Health Services in Regional, Rural and Remote Areas

9:02 pm

Photo of Kay HullKay Hull (Riverina, National Party) Share this | Hansard source

I would like to congratulate the member for Farrer for bringing forward this very crucial and vital private member’s business and for the way she has put it together, with thought and commitment to her electorate and to rural and regional areas. I would like to support the member for Farrer in raising some of the issues that are certainly impacting upon rural and regional areas. My most significant concern at the moment is the lack of obstetricians being attracted to the Riverina region, and obviously to regions right across Australia but most particularly in New South Wales. We had a practising obstetrician in the public sector. He was overrun and overwrought and eventually, after telling the state government time after time that he could not continue like that, he eventually had to resign. In place of that local obstetrician we now have a 19,000-kilometre fly-in fly-out arrangement at the Wagga Wagga Base Hospital. We bring in an obstetrician from London. I will quote from the Wagga Wagga Daily Advertiser, which stated that ‘the costly travel exercise has been going on for 12 months’. The position on offer is for a Director of Obstetrics, but it has not been accepted by the obstetrician who has been flying in and flying out from London for 12 months now to the Wagga Wagga Base Hospital.

The practice of flying locums in to cover the shortage of doctors in Wagga Wagga has been at significant cost to the people—about $320,000 per doctor a year. But the problem that I would like to raise is that a doctor has been flying in and flying out from London to provide the service at Wagga Wagga Base Hospital and this position has not been advertised on the New South Wales Health website in order to give other candidates the opportunity to apply. That is of great concern. I think that that has been rectified since the doctor has determined that he is not going to take up residence, but this is where money is required—in recruitment and retention. We have a fabulous recruitment and retention committee in Wagga Wagga. I think it is unique. A group of specialists with private money have set up their own recruitment and retention workgroup. They have an executive officer who goes off to conferences and health gatherings of doctors all over the country recruiting specialists to come to the Riverina.
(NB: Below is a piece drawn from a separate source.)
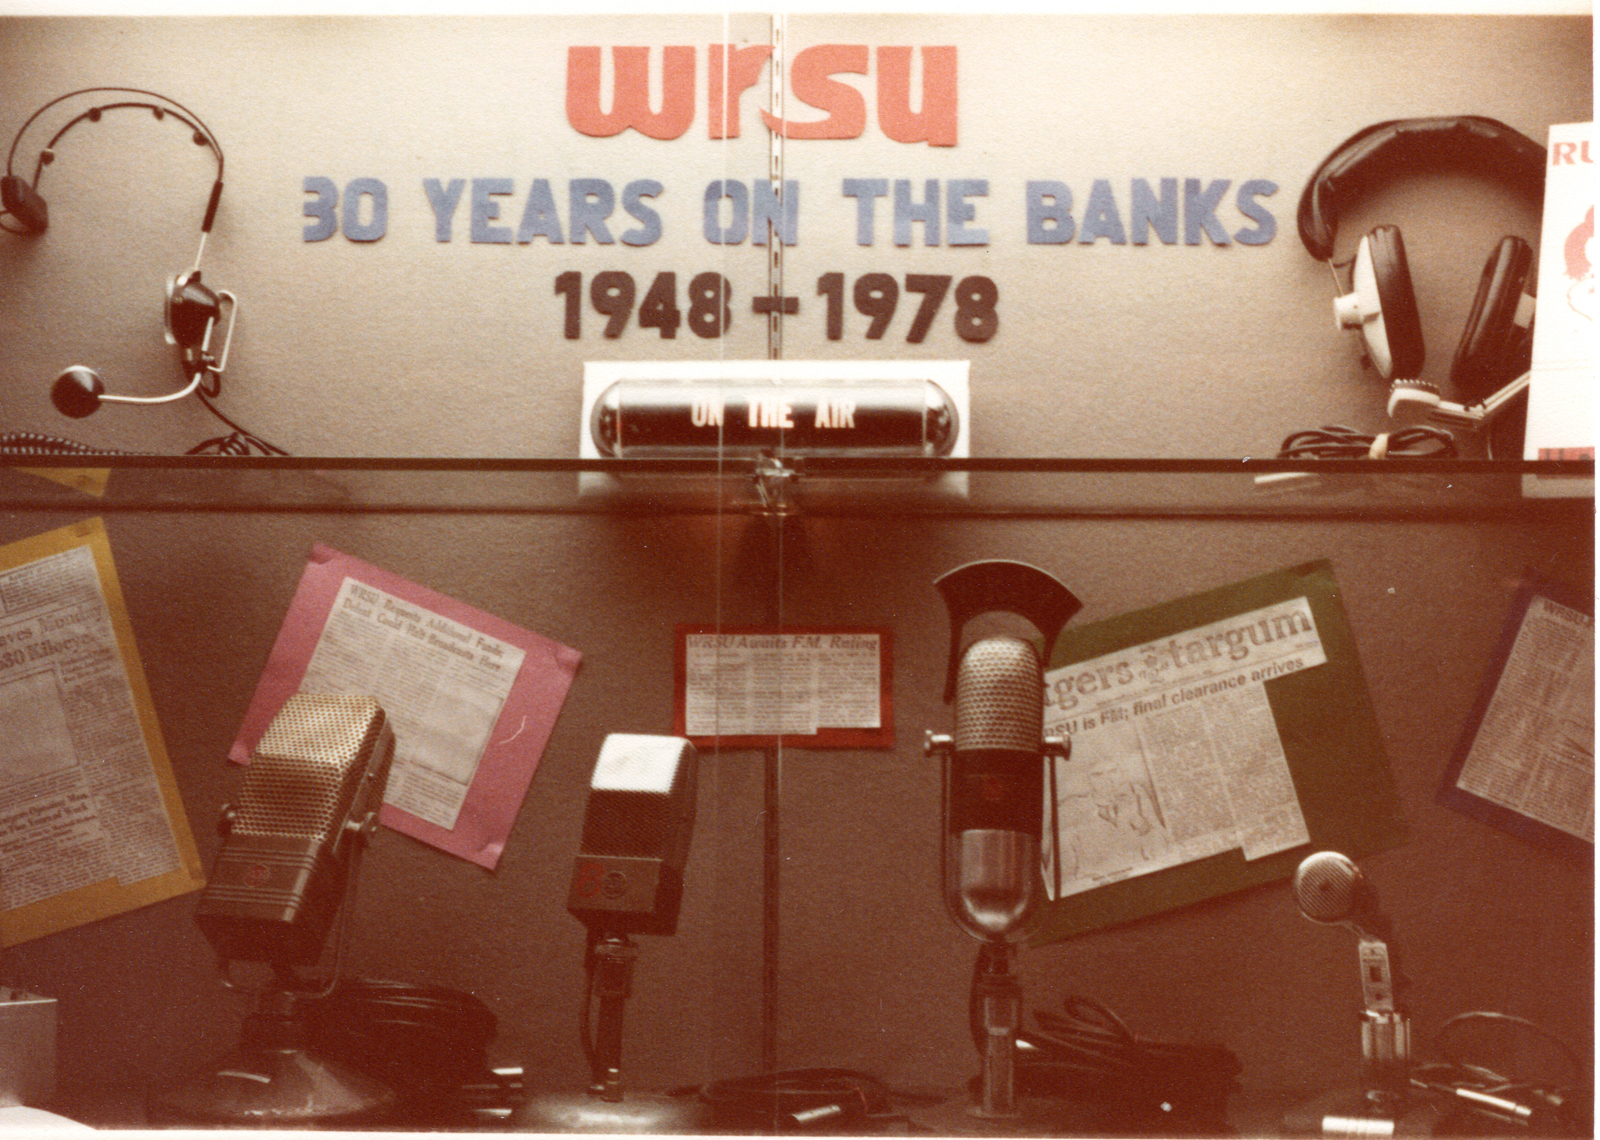 1978 Display in 3rd Floor Lounge in the Rutgers Student Center for WRSU 30th Anniversary

We have significant problems. Dialysis particularly in Wagga Wagga Base Hospital is certainly a challenge. Many people drive for many hours to receive dialysis three, four or five days a week, but family members have to wait outside in the car park for the five hours of dialysis time because there is nowhere in the Wagga Wagga Base Hospital for them to wait for their family member or the person they travelled with.
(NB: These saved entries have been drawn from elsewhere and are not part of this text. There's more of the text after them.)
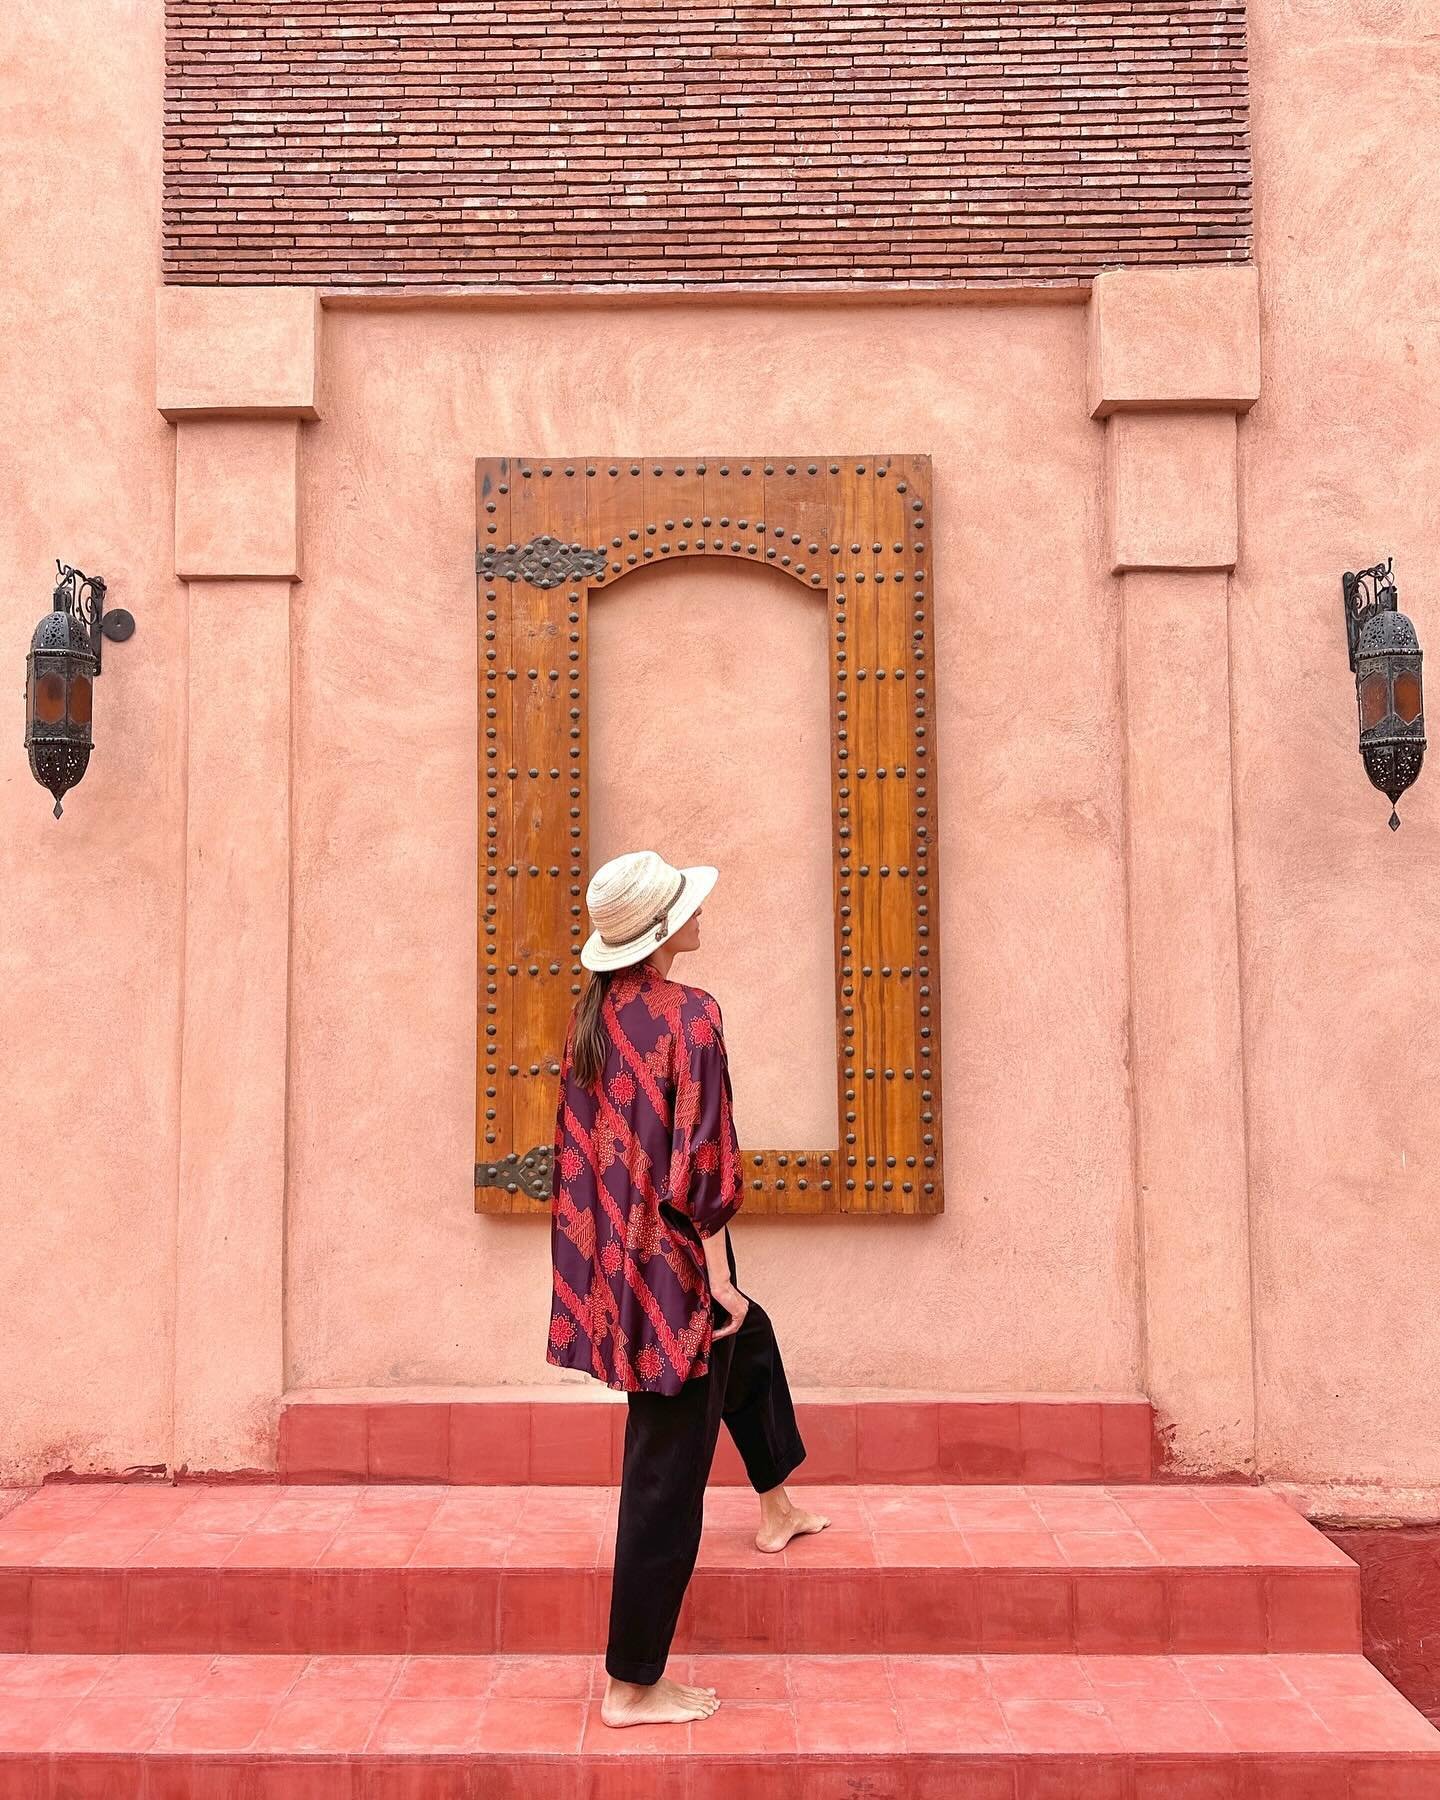 Transport yourself to the vibrant hues of Morocco with Oasi 🌅 

Embrace the warmth of the desert sun and immerse yourself in the rich, fiery tones of Moroccan landscapes🔥 #OasiKimono #MoroccanInspiration

.
.
.
.
.
.
.
.
.
#originofhearts #ooh #fes

There has to be a different view on how we are going to attract particular specialty crafts. I refer back to obstetrics. There must be cooperation between midwifery and obstetrics. There needs to be a new model of care for obstetrics. Money should be allocated by government, including the state government, to encourage new models of how we are going to deliver services to rural and regional Australians. I am very pleased to have the A healthier future for all Australians—interim report December 2008, wherein there has been some consideration given as to how we start to resolve these issues. I would certainly encourage the government to have further talks with New South Wales— (Time expired)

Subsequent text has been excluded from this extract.